Se oyó otra explosión, y cuando miró en la dirección del sonido, vio que el Tiffy había caído al suelo. La nave ardía, pero el fuselaje no estaba destruido. Cabía la posibilidad de que el piloto siguiera con vida.

Corrió hacia el avión, y Cigare y Legionnaire lo siguieron.

El avión derribado no había quedado del revés. Tenía un ala partida por la mitad. Su único motor desprendía humo. La cúpula de plexiglás había quedado ennegrecida por el hollín y Lloyd no veía al piloto.

Se situó sobre el ala y quitó el seguro de la cúpula. Cigare hizo lo mismo en el otro lado y, juntos, la retiraron deslizándola por el riel.

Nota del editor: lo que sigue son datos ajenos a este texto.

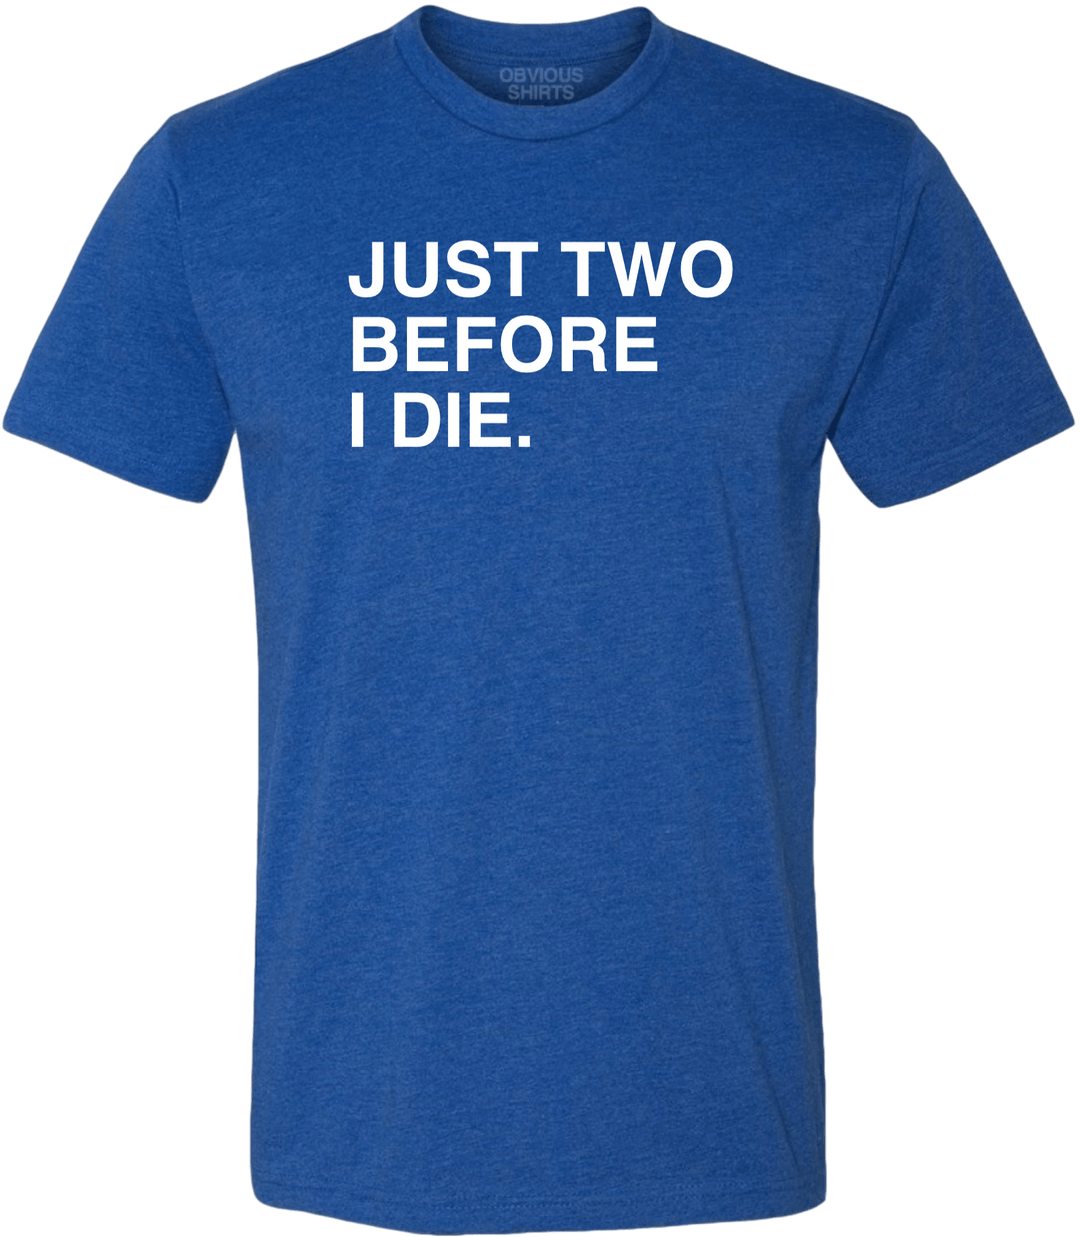 JUST TWO BEFORE I DIE. - OBVIOUS SHIRTS.

El piloto estaba inconsciente. Llevaba puestos el casco y las gafas de aviador, y una máscara de oxígeno le cubría la boca y la nariz. Lloyd todavía no sabía si se trataba de algún conocido.

Se preguntó dónde estaba la bombona de oxígeno, y si había explotado ya.

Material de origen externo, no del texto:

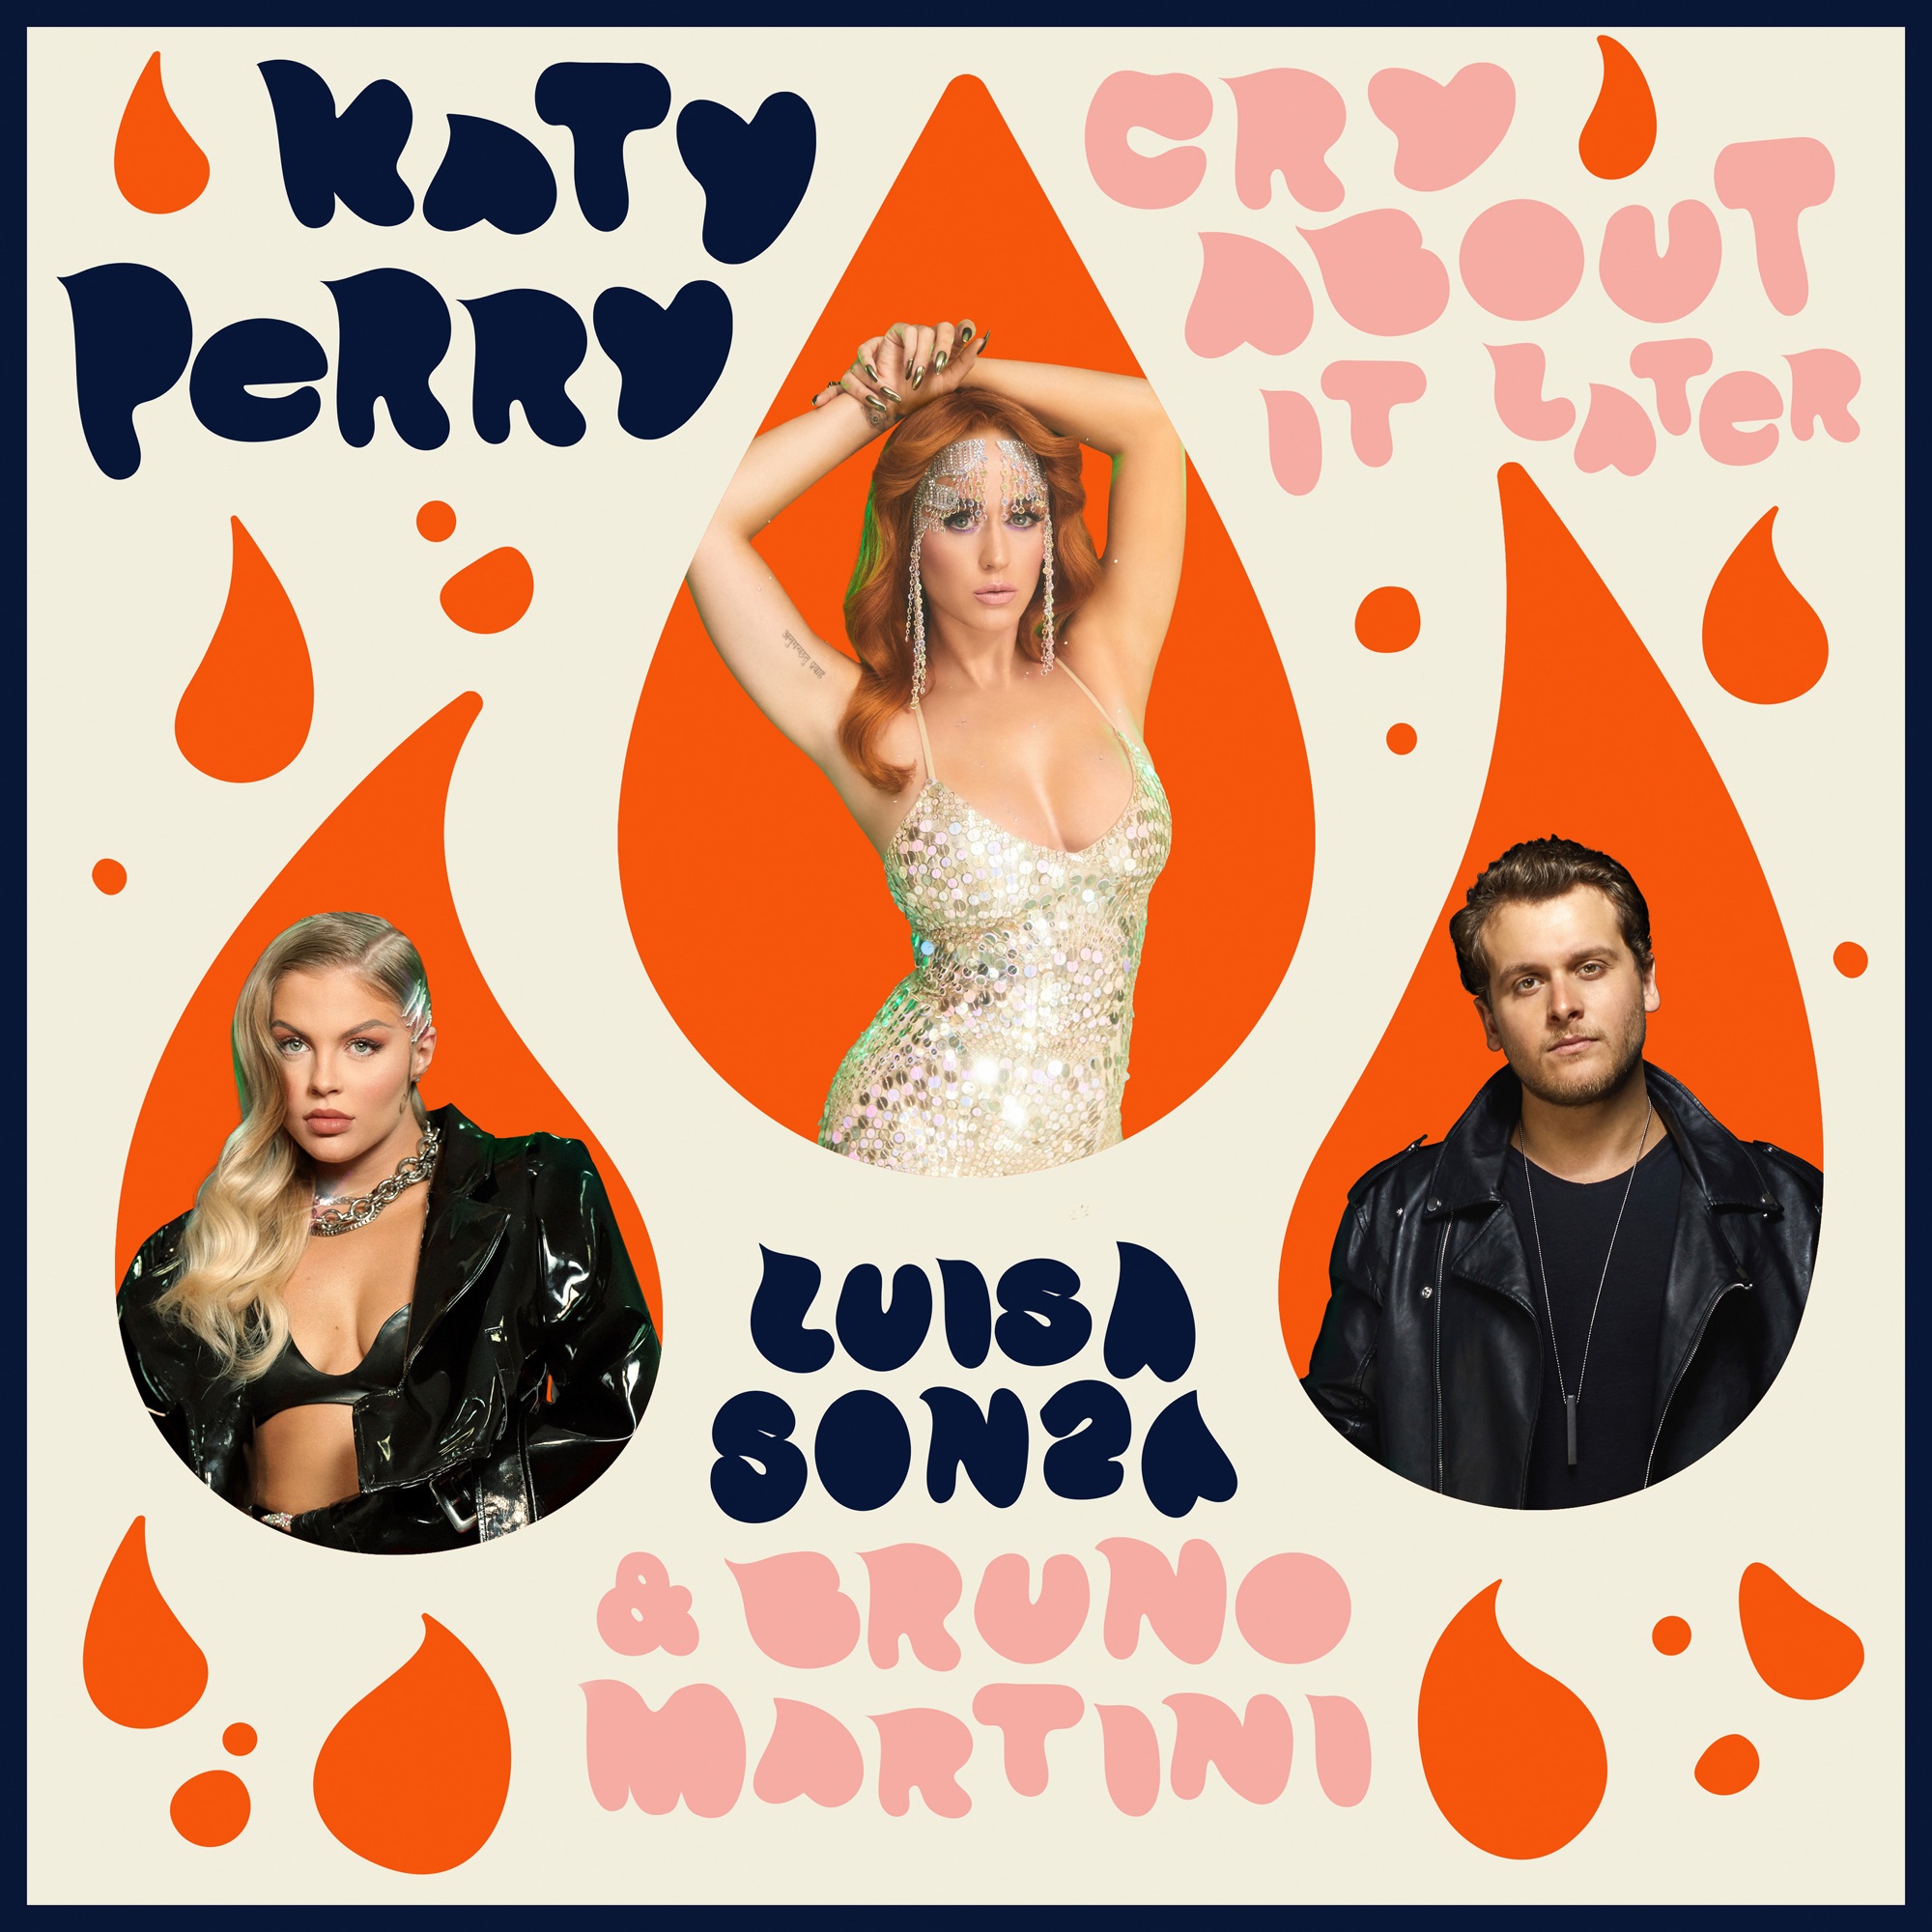 Katy Perry, Luísa Sonza & Bruno Martini - Cry About It Later - Single

Legionnaire tuvo una idea parecida.

—Tenemos que sacarlo de aquí antes de que el avión estalle.

Lloyd introdujo la mano y le desabrochó el cinturón de seguridad. Luego cogió al piloto por las axilas y tiró de él. El hombre estaba inerte por completo. Lloyd no sabía cómo averiguar qué heridas tenía. Ni siquiera estaba seguro de que siguiera con vida.

Lo sacó a rastras de la carlinga, luego se lo cargó al hombro y se alejó lo suficiente de los restos en llamas. Lo tendió boca arriba en el suelo con toda la delicadeza posible.

Oyó un ruido a medio camino entre un bufido y un golpe. Cuando se volvió, vio que las llamas habían engullido por completo el avión.

Se inclinó sobre el piloto y, con cuidado, le retiró las gafas y la máscara de oxígeno, y el rostro que quedó expuesto le resultó terriblemente familiar.

Era Boy Fitzherbert.

Y respiraba.

Lloyd le limpió la sangre de la boca y la nariz.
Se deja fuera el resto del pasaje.